OurTime regularly asks its followers to pass along messages to their representatives about issues that are important to them.
“To interact with a political issue or political content on Facebook or Tumblr or Twitter, you’re going to see that type of content on a daily basis on your newsfeed,” Segal said, “and so it’s not a high barrier to entry whatsoever.”
Some organizations still prefer more traditional methods of building political interest among young people. Blake Green, deputy director of the Texas League of Young Voters, says his group takes a simple approach to connecting with youth. It spends less time online and more time canvassing neighborhoods, going door-to-door.

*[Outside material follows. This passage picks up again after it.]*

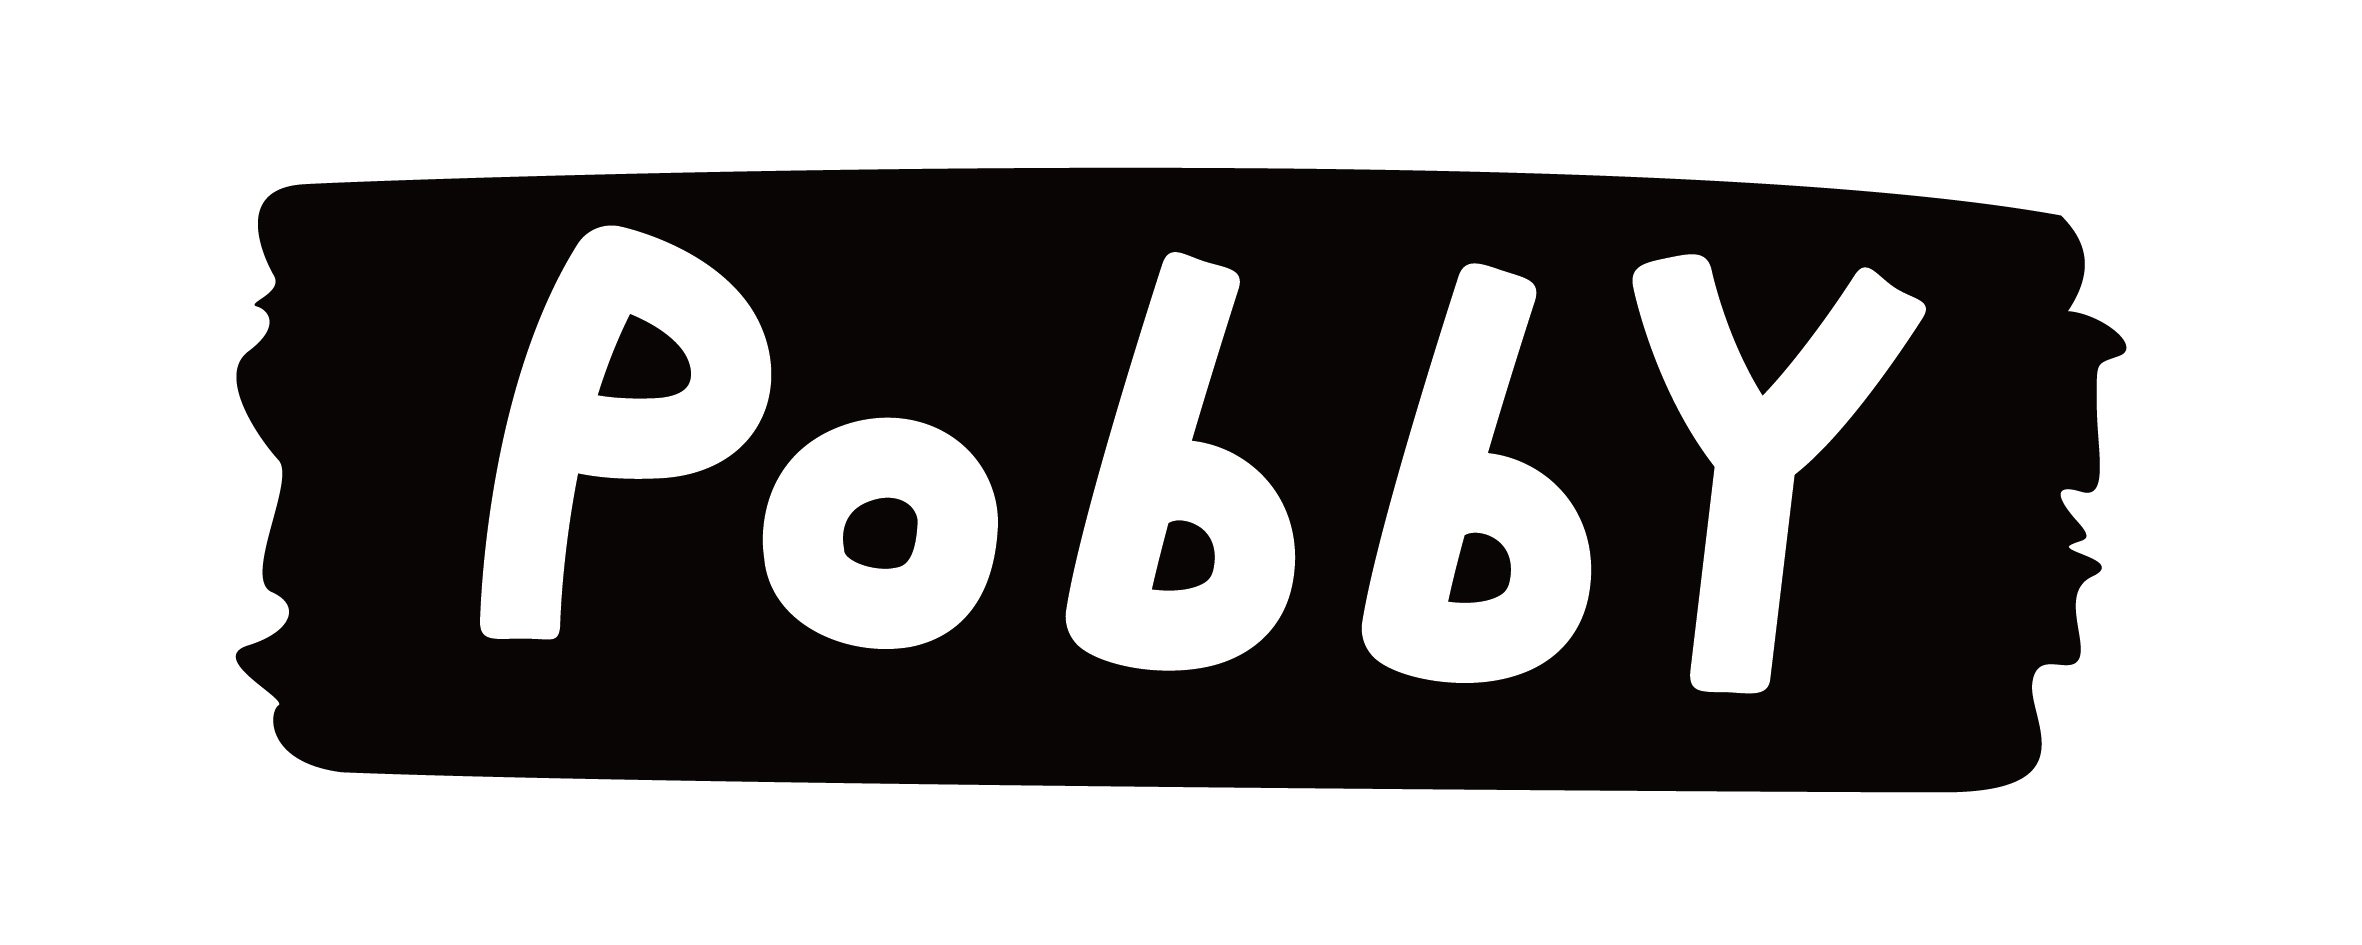  POBBY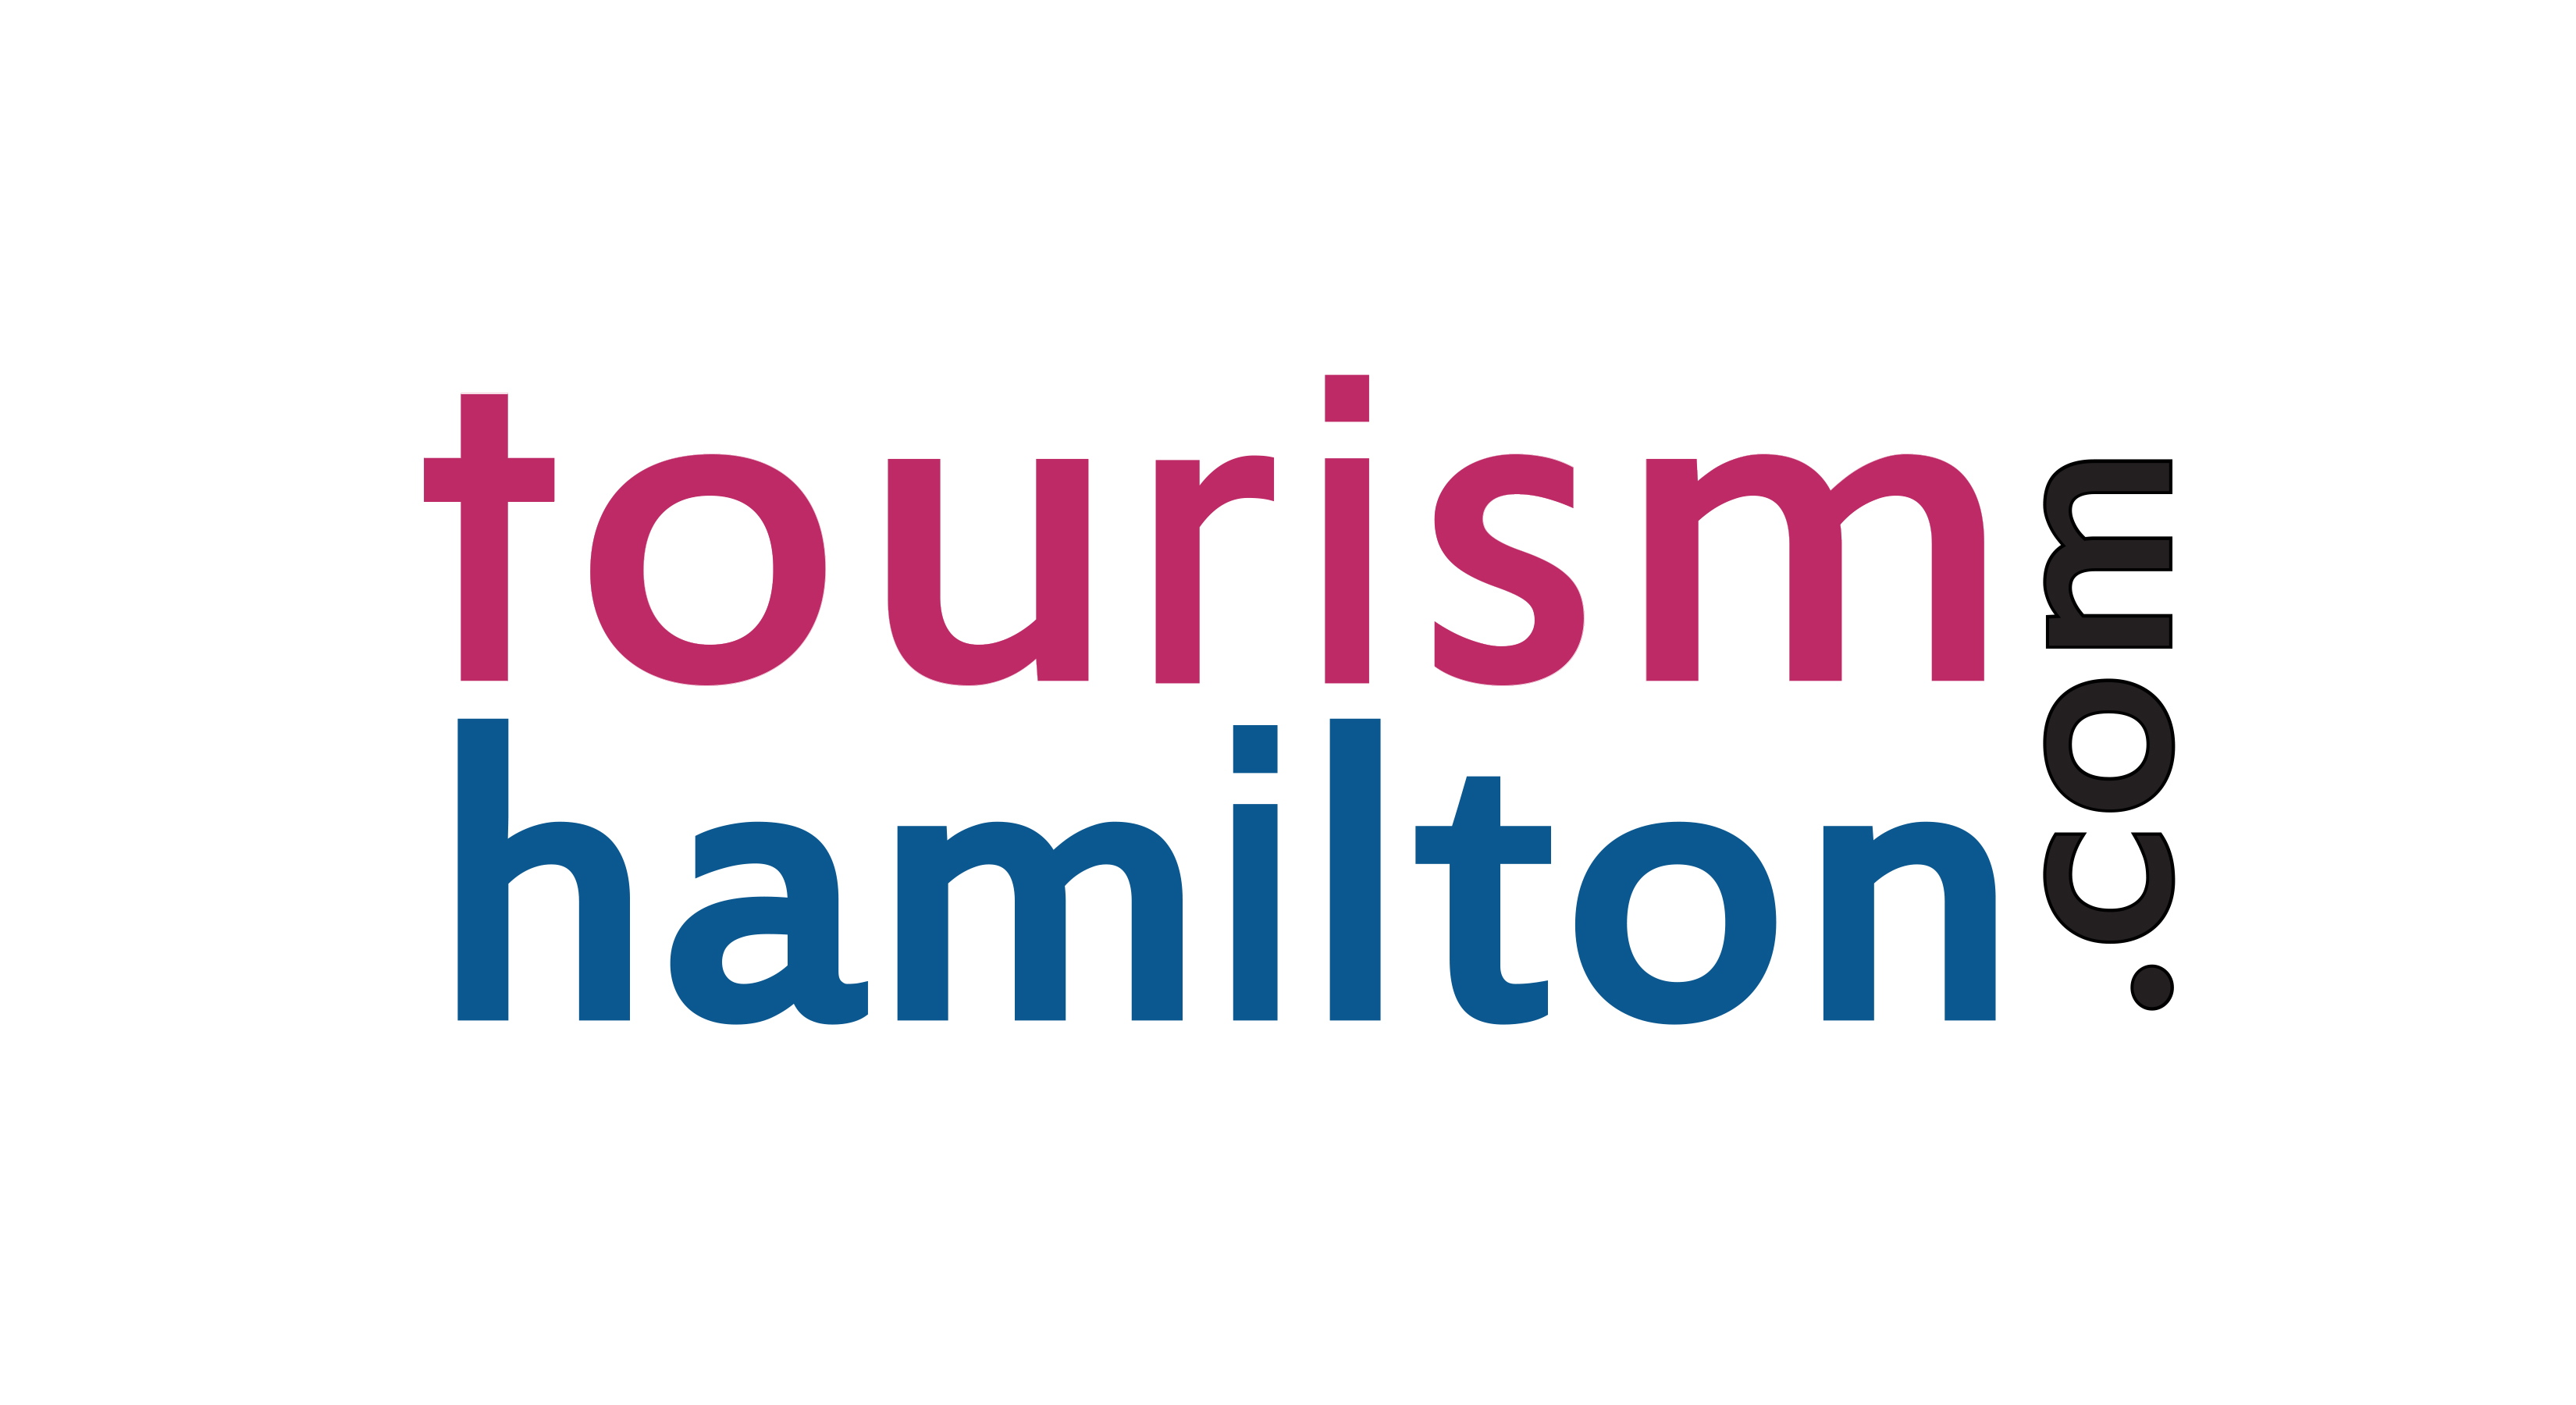 Tourism Hamilton

But the overall goal is the same as that of OurTime — moving youth up the engagement ladder. The League, a progressive organization that is not affiliated with a party, uses pledge cards handed out at the door or at events that asks the recipient to pledge to vote or to take an action. At the bottom of the card is place to express interest in volunteering. And from there, the youth are engaged.
“We don’t speak above their heads. And that’s one of the things that politicians or legislators do is speak all this political rhetoric that’s sort of above their heads,” said Green, echoing Burris’s words about Grassley’s Twitter appeal. “For non-college and college youth, the way we do it is we make it real with them.”
But the greater reach of the Internet provides an avenue for politicians, especially those in Washington who aren’t able to meet face to face all the time, to engage directly and to “be real” with their constituents.
“The more we move towards an internet based political system, the greater the amount of inclusion we’ll have,” Segal said. “And I don’t think then it will as much matter if you’re a college or non-college youth.”